(Dataset section)

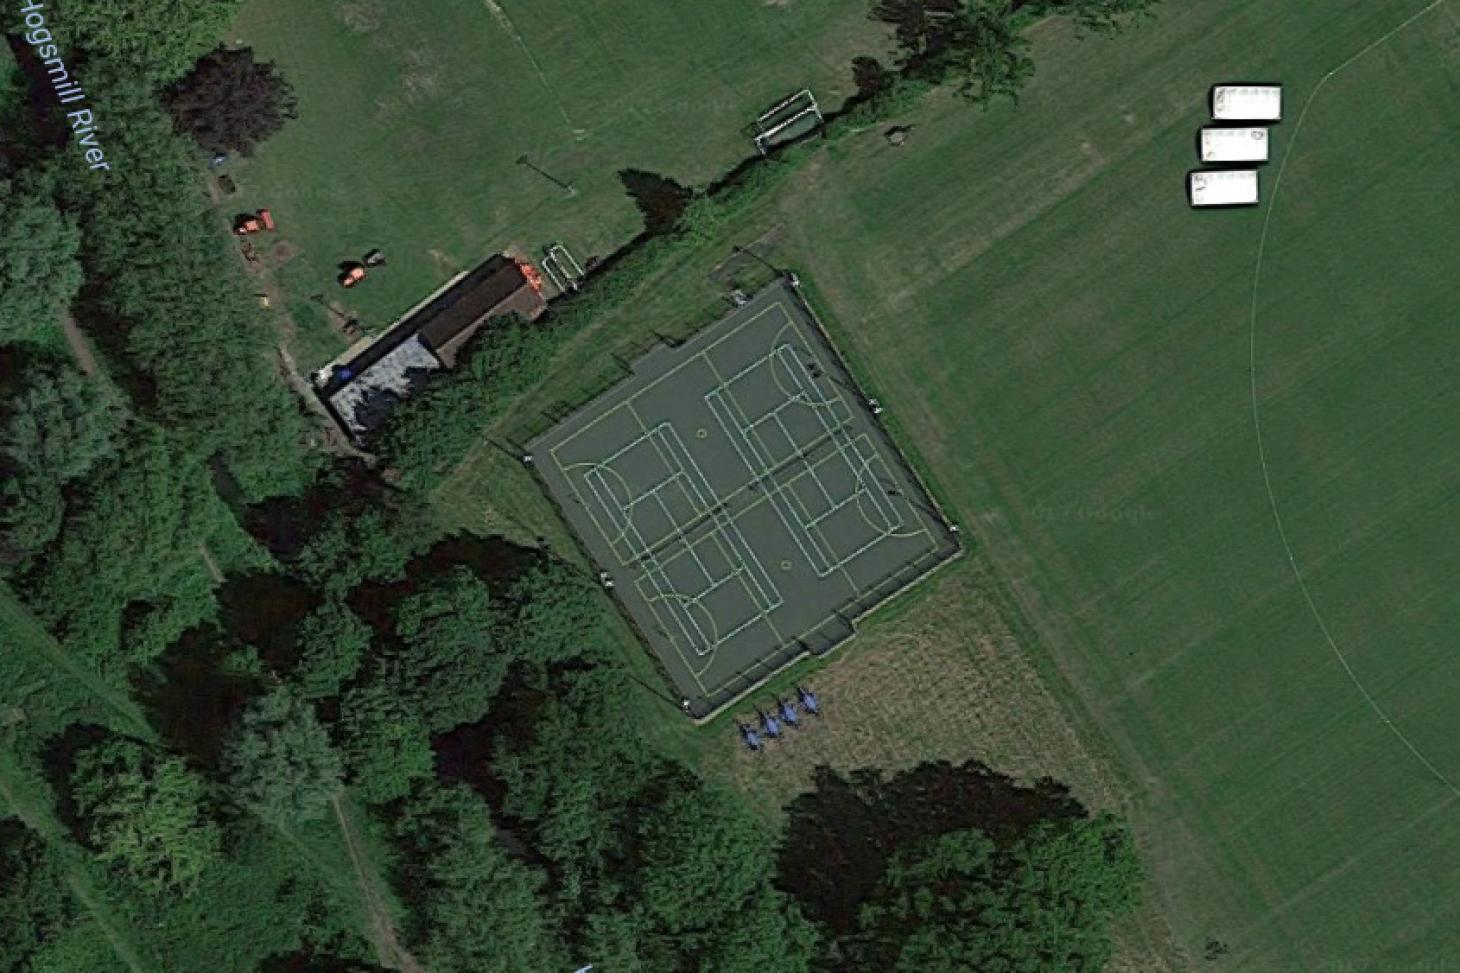 King's College Sports Ground - New Malden Outdoor | Concrete netball court
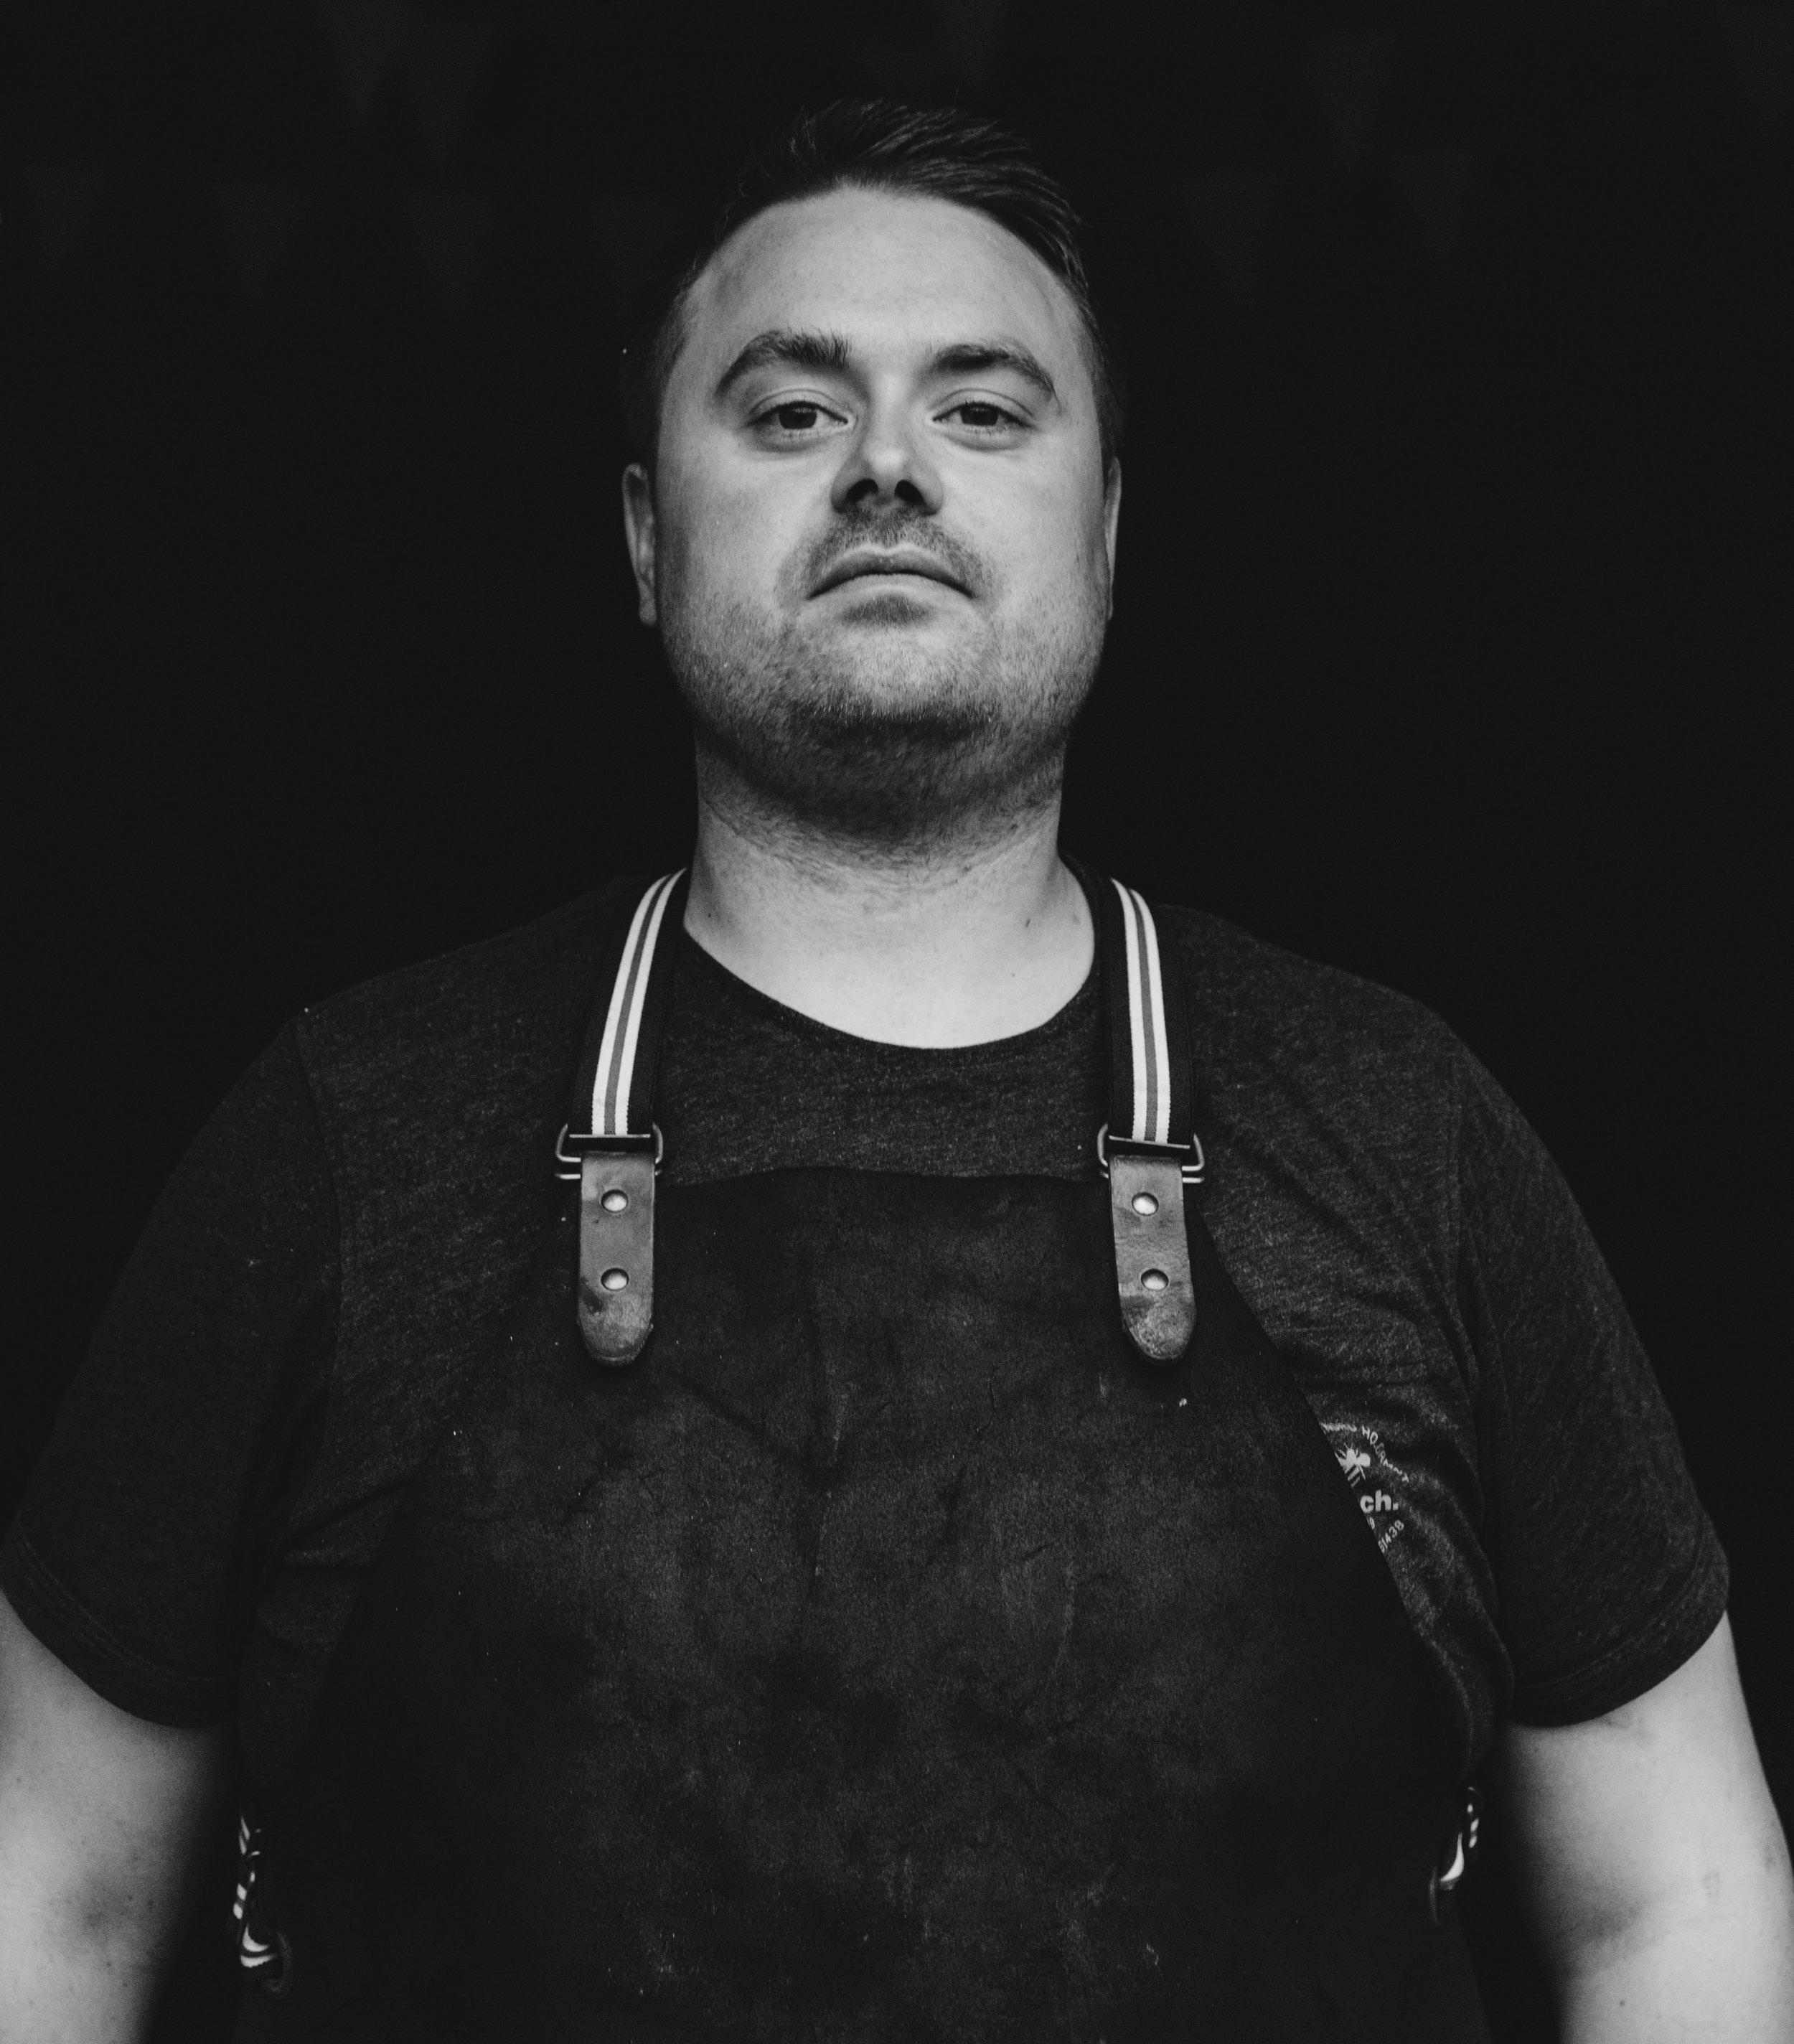 Irish Chef Portrait Toronto Food photographer - Suech and Beck
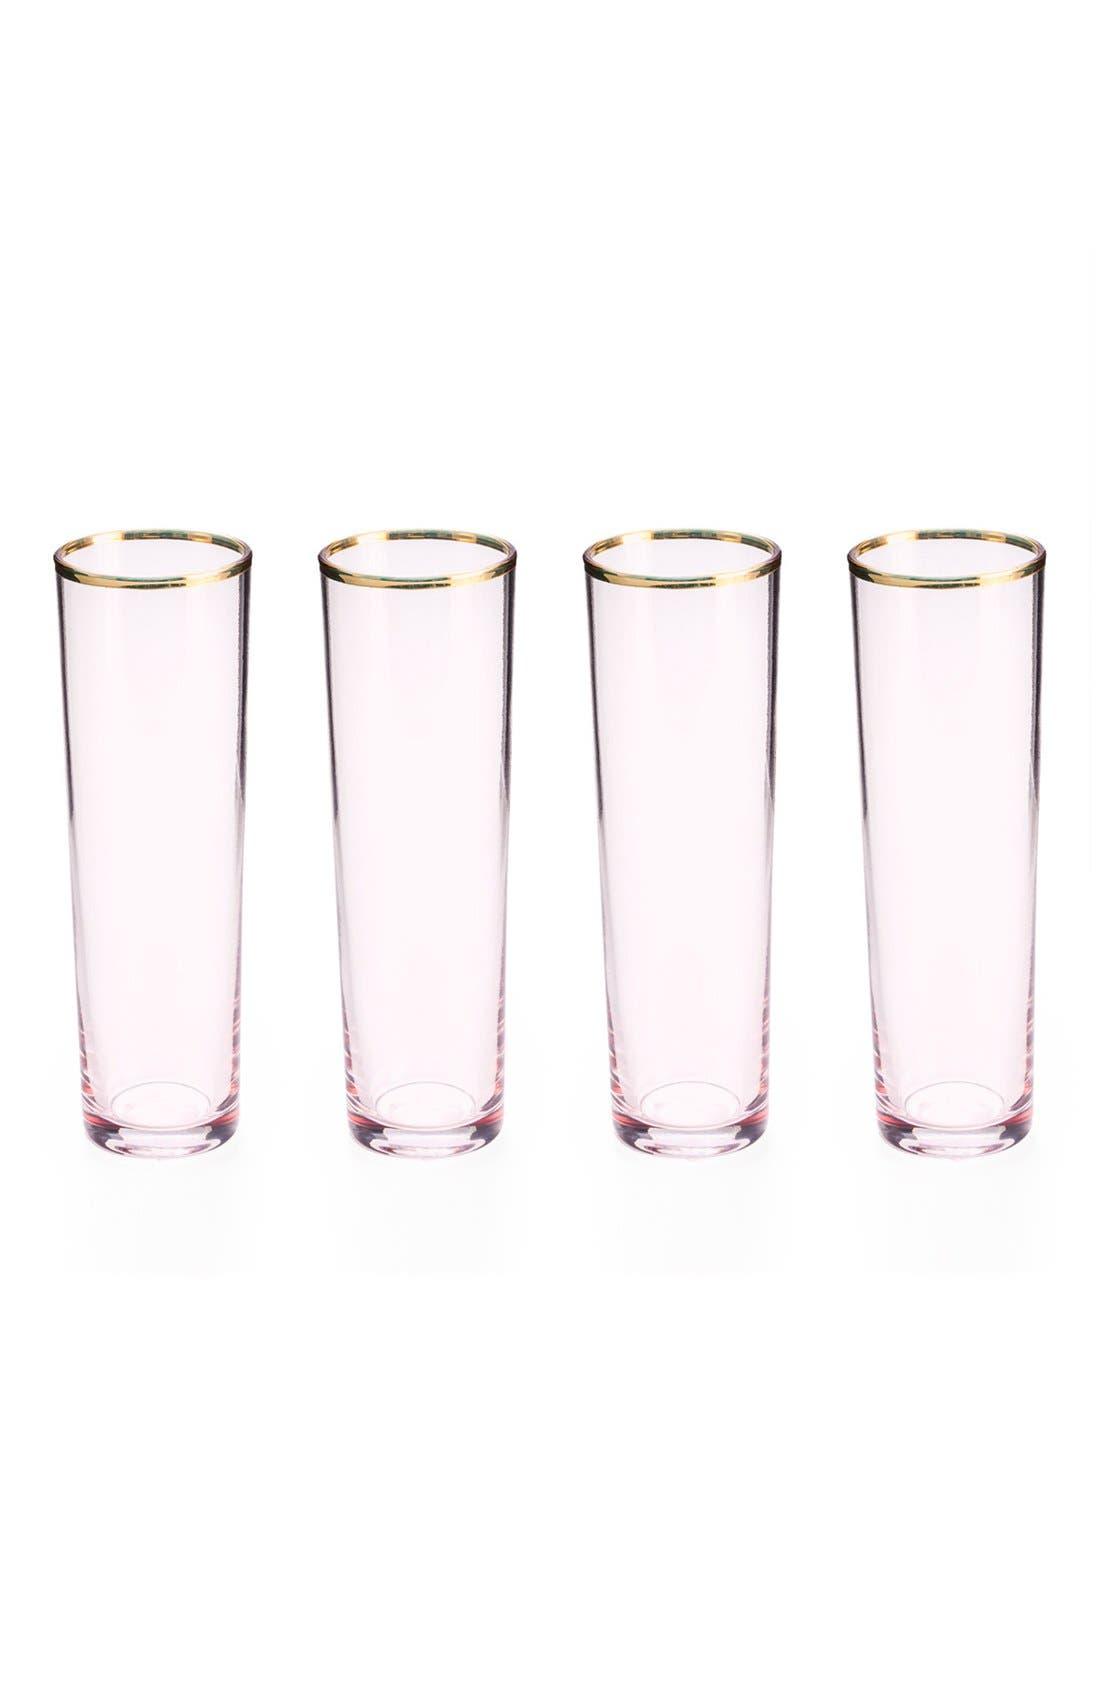 Alternate Image 1 Selected - Rosanna Pink Glass Champagne Flutes (Set of 4)

(End Dataset section)

§ What to work on: Begin with the line holding "Irish Chef Portrait" and end with the last line of the listing. Reproduce each of those lines exactly, and leave every picture out.

§ Written response:
 Irish Chef Portrait Toronto Food photographer - Suech and Beck
 Alternate Image 1 Selected - Rosanna Pink Glass Champagne Flutes (Set of 4)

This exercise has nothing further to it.